A number of our customers purchased a significant amount of product in the second half of our 2022 financial year to prepare for an Omicron wave that eventually required less intensive respiratory support than was expected at the time. As this half has progressed, we saw signs that customers were working through their excess inventory, and sales of our Hospital consumables have increased month on month since May. This trend has continued through the early stages of our second half. Ultimately, we see these stocking dynamics as short-term, and the fundamentals of our sales strategy remain the same. Our teams are committed to helping improve clinical practice and ensuring our hardware is used to benefit a broader range of patients requiring respiratory support. Now, let's move on to our Homecare product group on page eight.
Homecare operating revenue was NZD 249.9 million, up 10% on the first half of 2022 or 4% in constant currency. OSA masks and accessories revenue was up 16% or 10% in constant currency, and a significant contributor to this was the strong reception of our Evora Full face mask. We received 510(k) clearance in April in the United States, and the feedback from clinicians and end users has been very positive. Now I'll hand over to our CFO, Lyndal York, for a more detailed look at the financials. Lyndal?
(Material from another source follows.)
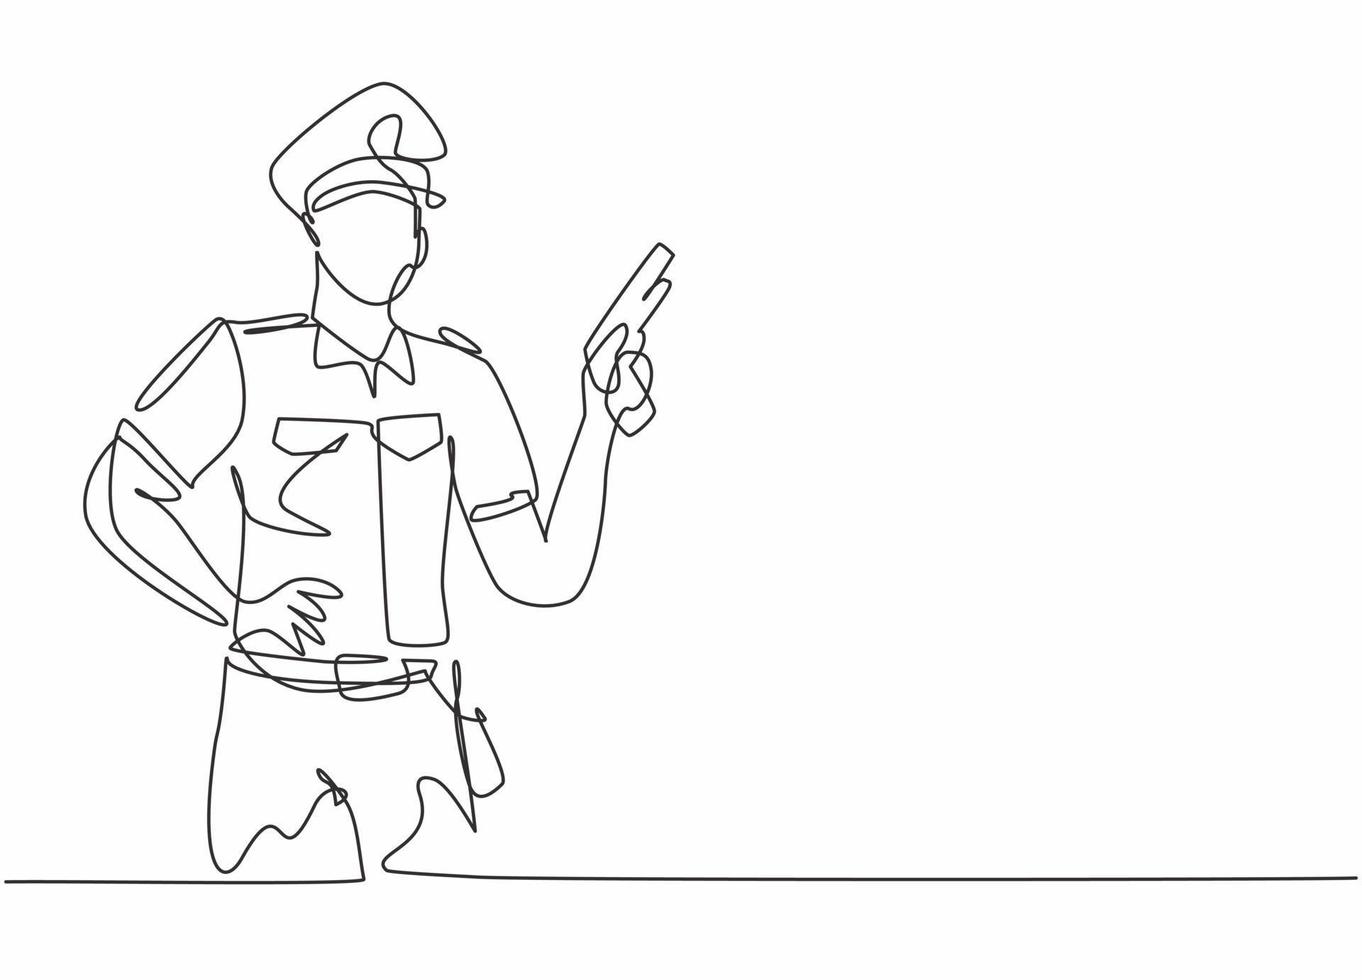 disegno continuo a una linea di un giovane poliziotto che indossa l'uniforme e tiene in mano una pistola revolver. concetto minimalista di professione di lavoro professionale. illustrazione grafica vettoriale di disegno di disegno a linea singola
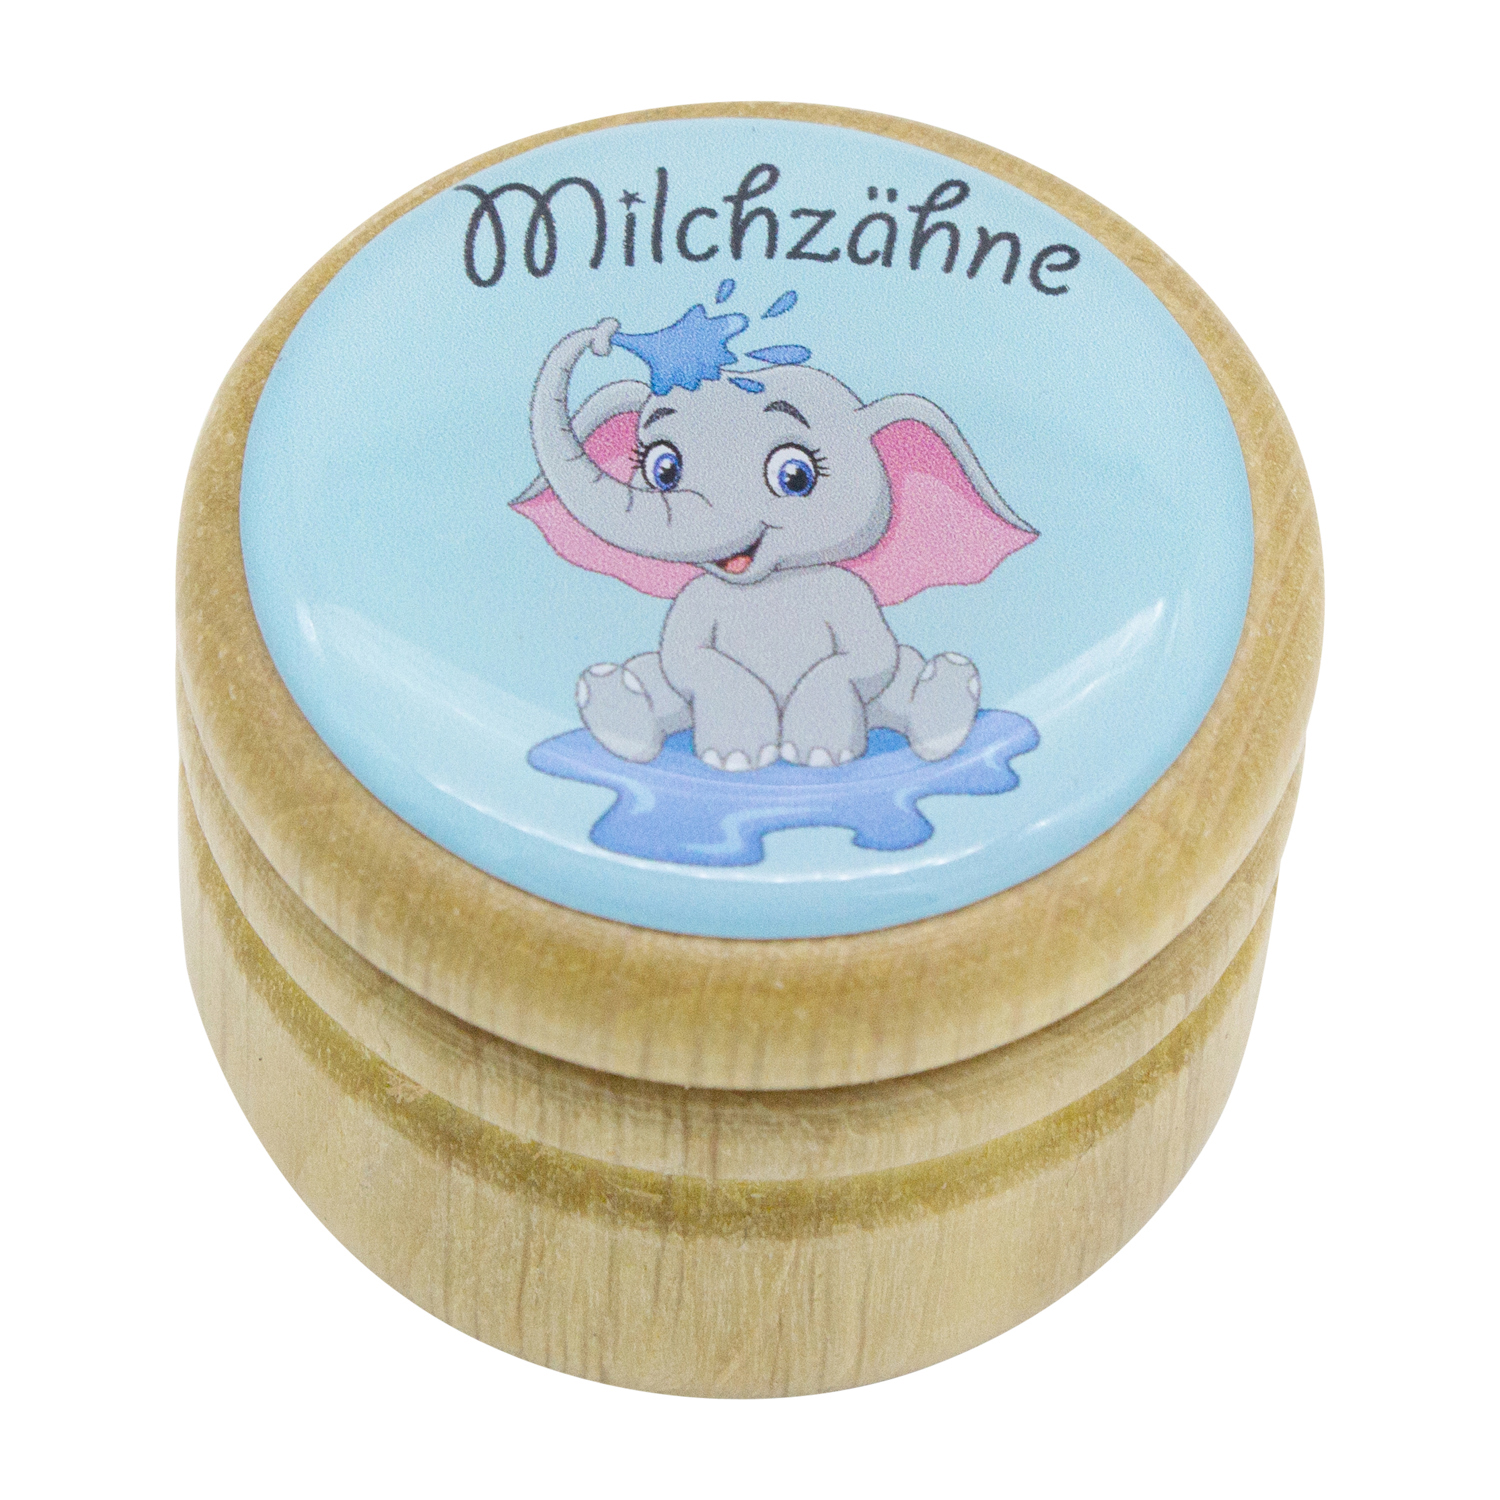 Milchzahndose Elefant Zahndose Milchzähne Bilderdose aus Holz mit Drehverschluss 44 mm ( Elefant )- 7017

Thanks, Lewis, and good morning, everyone. On page nine, gross margin decreased by 325 basis points to 59.8% for the half compared to the prior corresponding period, down 533 basis points in constant currency. The cost of freight continues to be elevated. The increased proportion of air freight and elevated rates compared to pre-COVID-19 rates impacted our constant currency growth margin by approximately 290 basis points for the half. This compares to a 190 basis point impact in the first half last year, as the average road and inbound air freight rates were higher than the same period last year. We have recently been seeing an easing of air freight rates out of New Zealand, which is encouraging.
This half, we have also experienced manufacturing inefficiencies as we have been carefully balancing demand fluctuations with manufacturing throughput and higher sickness-related rates of absenteeism. We saw sales soften in February. In response, we progressively reduced our production volume and manufacturing workforce. This resulted in under recovery of overhead costs, which are largely fixed, and labor costs during the half. Our second half constant currency gross margin will likely improve from the first half by approximately 200 basis points, with improvements in the labor under recovery and freight, assuming current slightly lower freight rates continue. We expect second half production levels to remain lower than last year as we aim to reduce finished goods inventory. At October 31st, 2022 exchange rates, reported gross margin in the second half would be approximately 61%. Moving on to page 10.
Total operating expenses grew 8% or 3% in constant currency. Operating margin was 18% as we continued our focused investment through the demand fluctuations over the last few years. R&D expenses grew 11% to NZD 84 million as longer term projects accelerate. R&D expenses were 12% of revenue for the half. We are estimating that 60% of our R&D spend will be eligible for the 15% R&D tax credit this year. SG&A expenses increased 7% to NZD 202 million and were flat in constant currency. Our sales expenses grew 11% in constant currency as we continued our investment to support the strong hardware sales through COVID and deliver on our anesthesia opportunity. This was offset primarily by a reduction in our profit sharing schemes.
Travel and sale events have increased. We estimate they were about 2/3 of the normal expected level for the half, up from about a 1/3 of normal levels last year. We anticipate that they'll continue to increase and approach approximately 3/4 of normal levels for the full year. We are targeting operating expense constant currency growth of 8% for the full year, with R&D being about 15% and SG&A about 5%. At October 31st, 2022 exchange rates, reported operating expense growth would be around 14%. Moving on to page 11. Operating cash flow this year was NZD 2 million, reflecting the lower profit. Our working capital increased as inventory grew and payables reduced.
We have increased our raw materials and finished goods as we saw sales soften in February. In response, we progressively reduced our production volume and are managing our long lead time purchase commitments with suppliers. Capital expenditure, which includes purchases of intangible assets, was NZD 125 million for the half. The increase from NZD 81 million in the prior year is primarily due to land and buildings. We completed our third building in Mexico. Earthworks continue to progress for our fifth building in New Zealand. In September, we paid a deposit of NZD 27.5 m illion for the acquisition of land for our second New Zealand campus at Karaka. The purchase is conditional on receiving Overseas Investment Office consent.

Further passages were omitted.